Giving more insights, Anupama Reddy, Vice President and Co-Group Head, Corporate Ratings, ICRA, said: “The crude-linked cost pressure poses a key risk, particularly if geopolitical tensions persist. In 2026-27, power and fuel costs are set to rise, driven by the uptick in petcoke prices, tightening fuel markets and likely rise in coal prices. Additionally, higher logistics costs and a depreciating rupee are expected to increase the landed cost of fuel. Overall, power and fuel costs are likely to increase by 10-12%, while selling costs could rise by 6-8% in 2026-27, owing to higher freight and packaging expenses. The cement companies, however, are expected to mitigate a part of the impact through price pass-through, thereby cushioning the overall profitability.”

The sector is highly dependent on coal/petcoke for clinkerisation and operating captive thermal power plants, reflecting its energy intensive nature. From a distribution perspective, the cement companies mainly rely on road networks for transportation of cement to end customers as well as for the movement of raw materials to manufacturing facilities.
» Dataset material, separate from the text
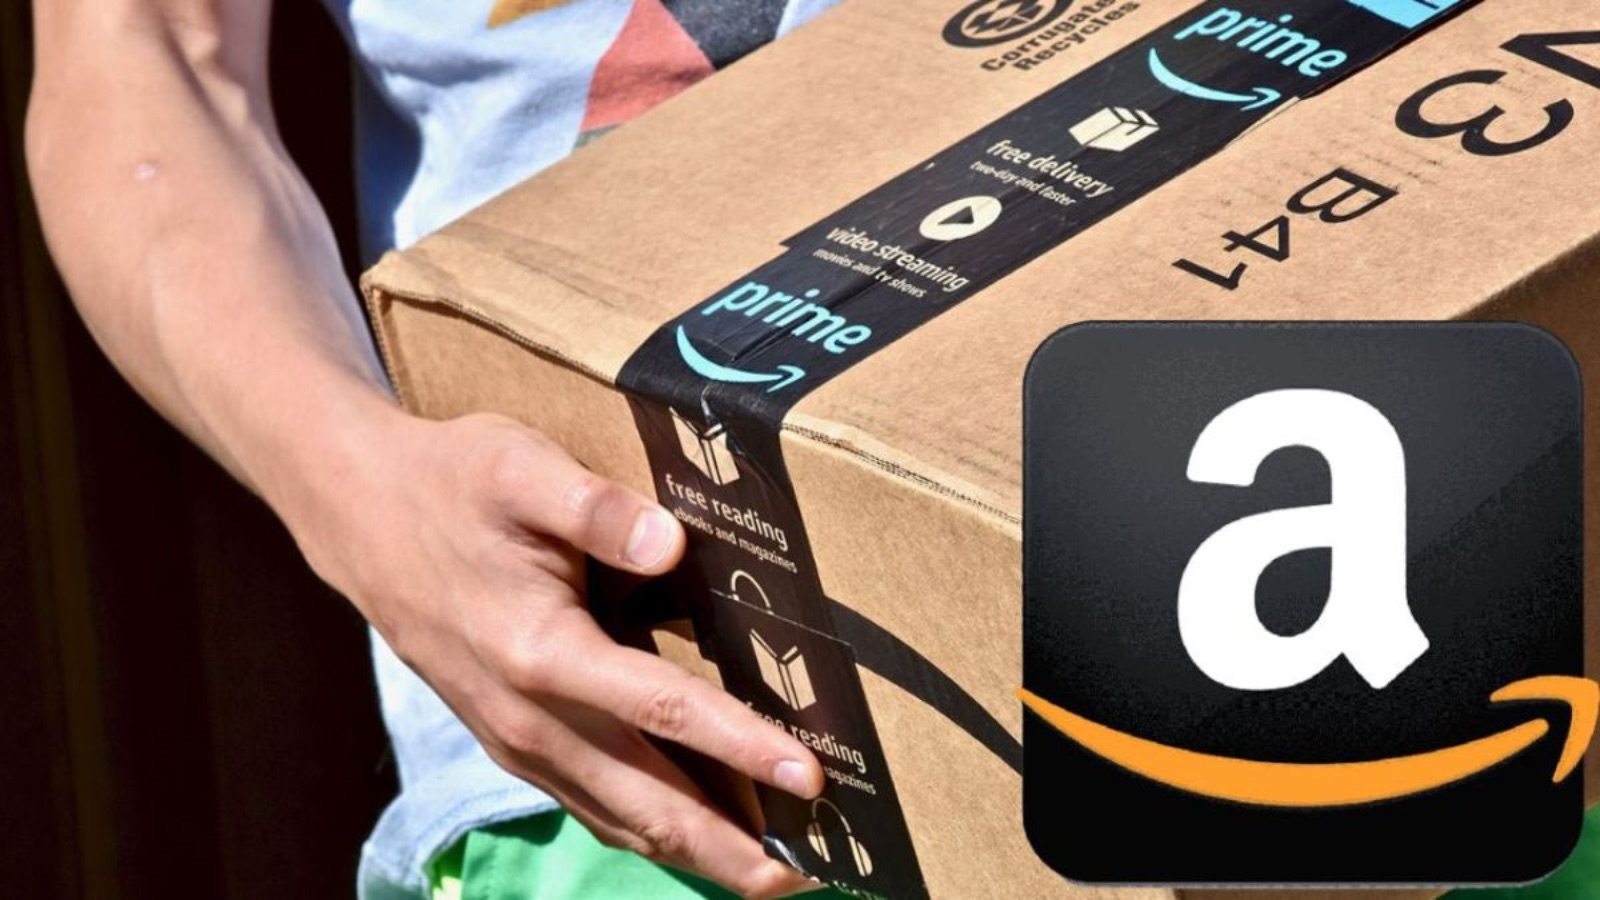 Amazon distrugge EURONICS con offerte e codici SCONTO gratis

Crude oil prices have surged owing to the West Asia conflict and closure of the Strait of Hormuz. The prices are likely to stay elevated if the war prolongs. ICRA expects crude price to average $95/bbl in 2026-27, in the baseline scenario, compared to ~$72/bbl in 2025-26. Petcoke prices have already risen sharply, with a 19% MoM increase in April 2026, and diesel prices have gone up by Rs. 3.9/litre in May 2026.
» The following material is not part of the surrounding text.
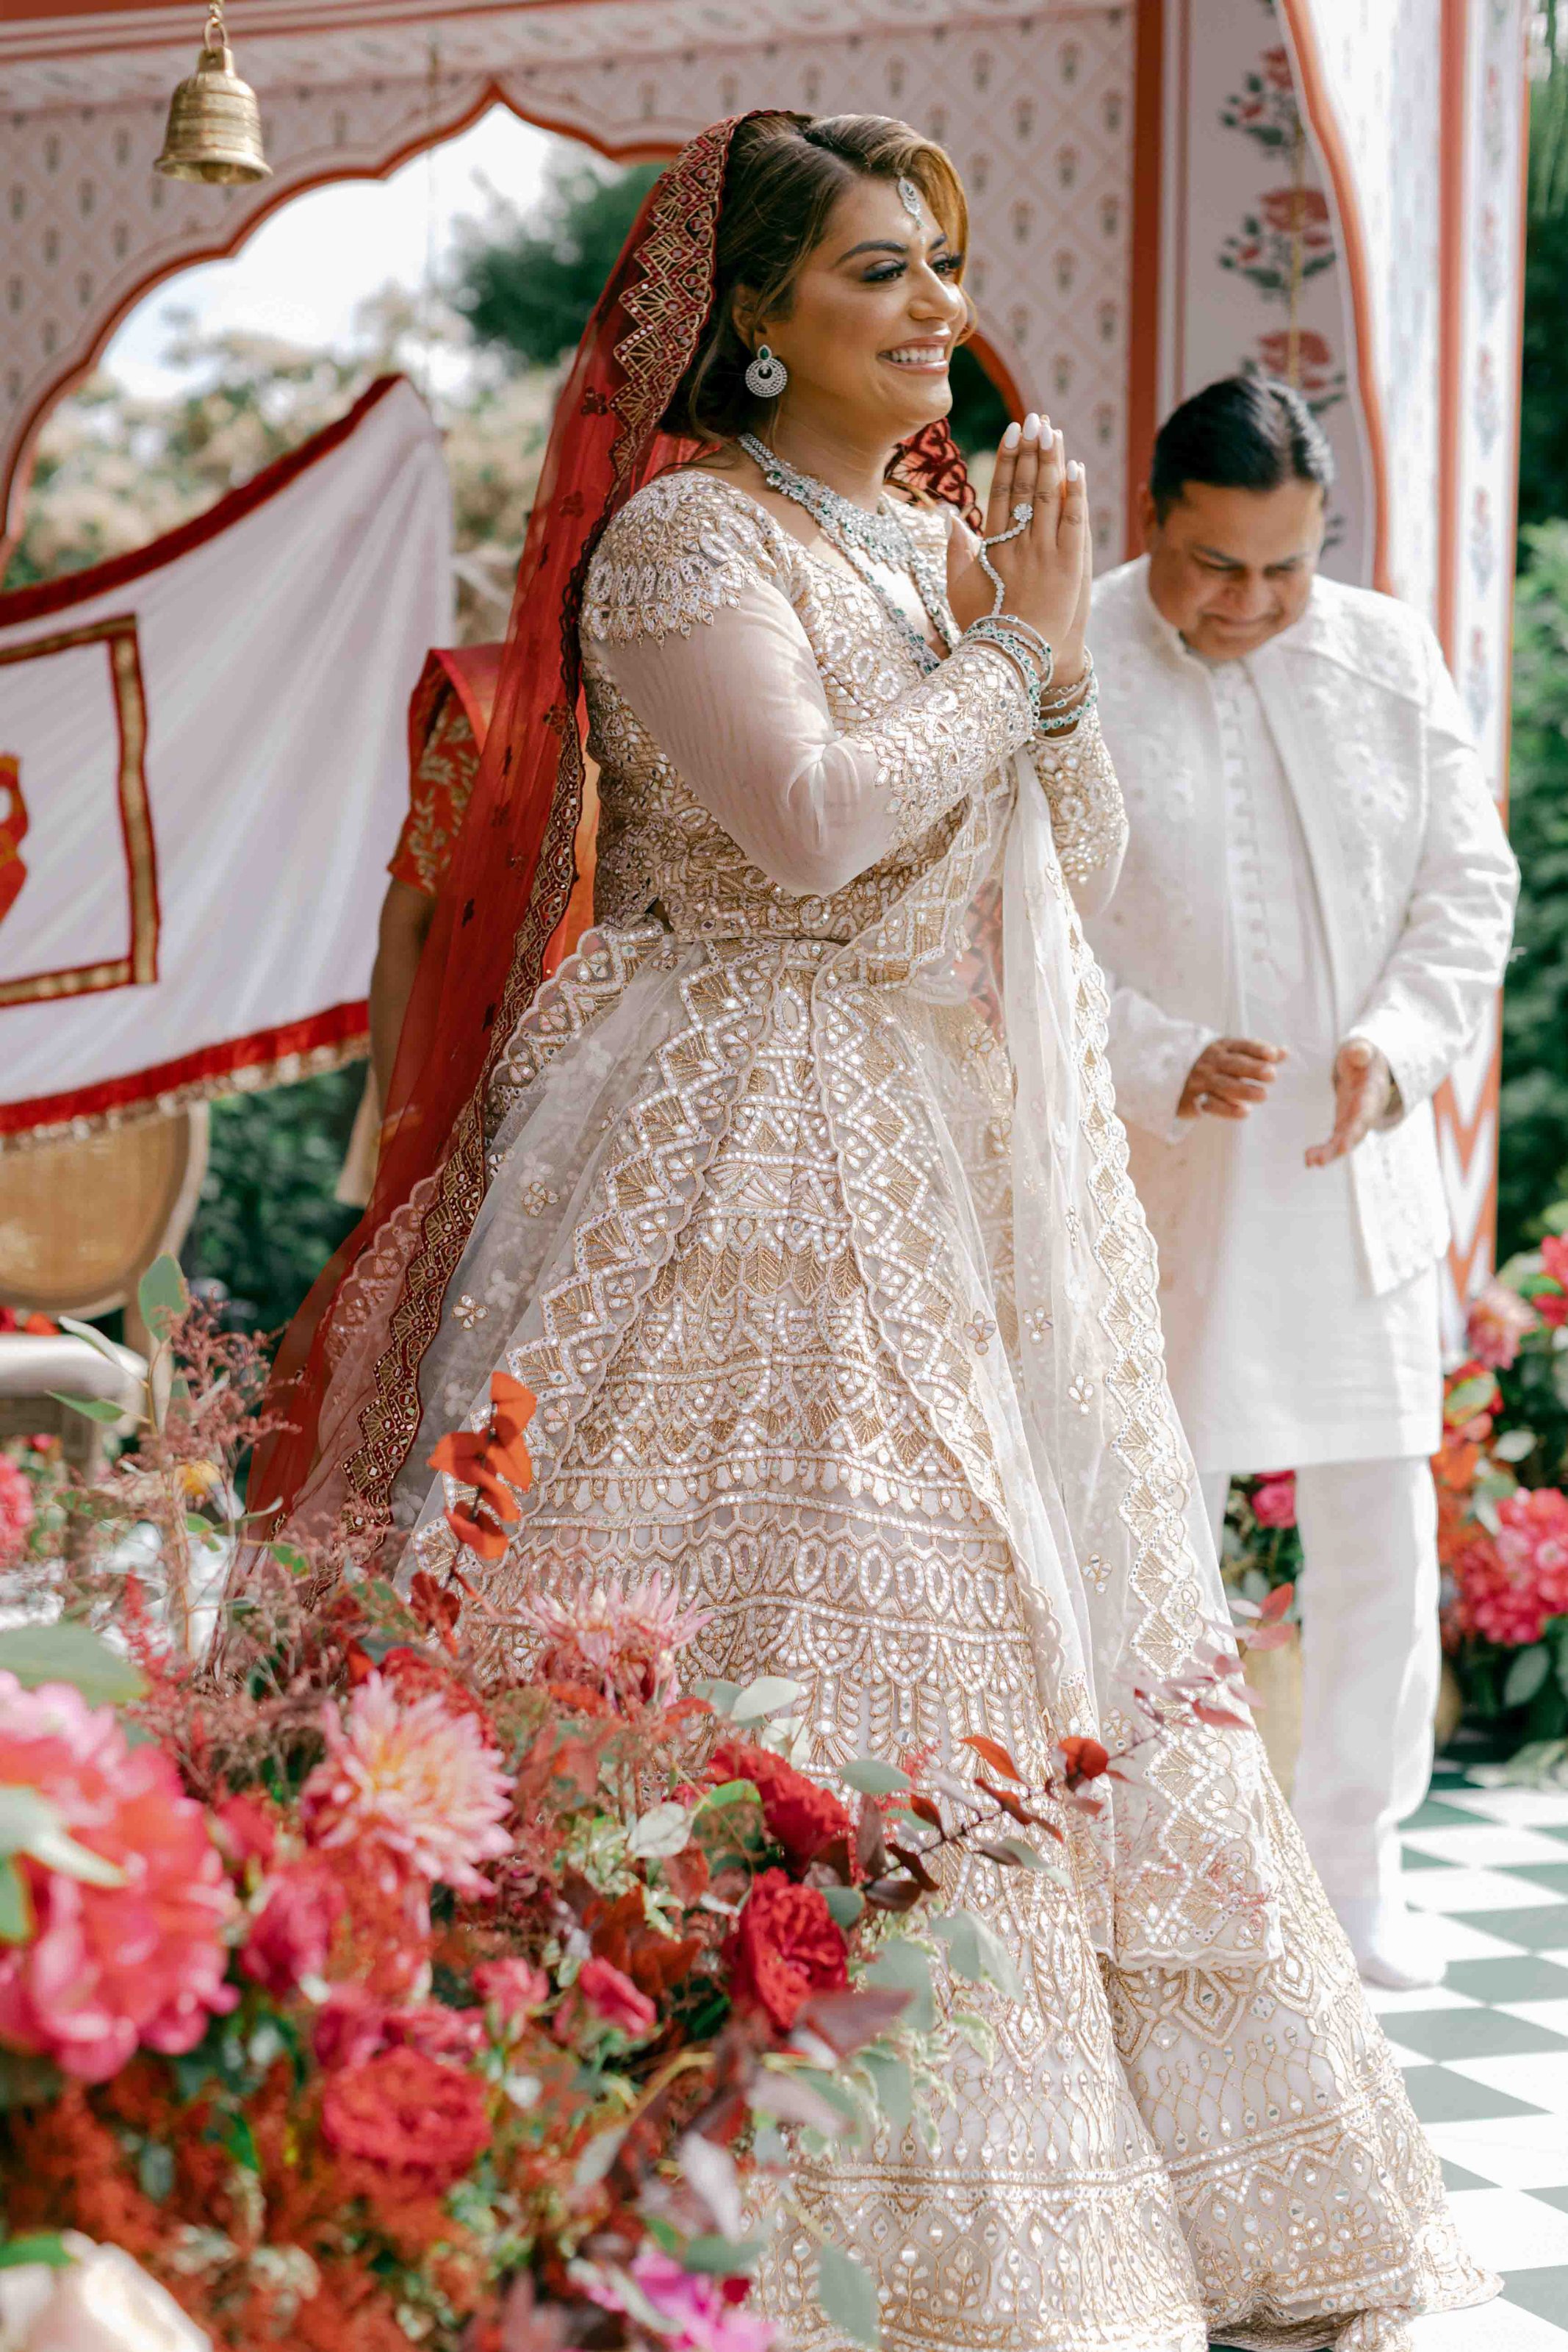  bride praying and facing guests

“Pricing flexibility of the cement players continues to remain constrained due to intense competition. Cement prices are expected to increase by 3-5% in FY2027, following a marginal recovery of ~2% in FY2026. Industry players have initiated price hikes of Rs. 10-12 per bag in April 2026, although the extent of cost pass-through remains contingent on demand-supply dynamics. Despite cost pressure, the sector’s credit profile remains stable and debt protection metrics are likely to remain comfortable,” Reddy added.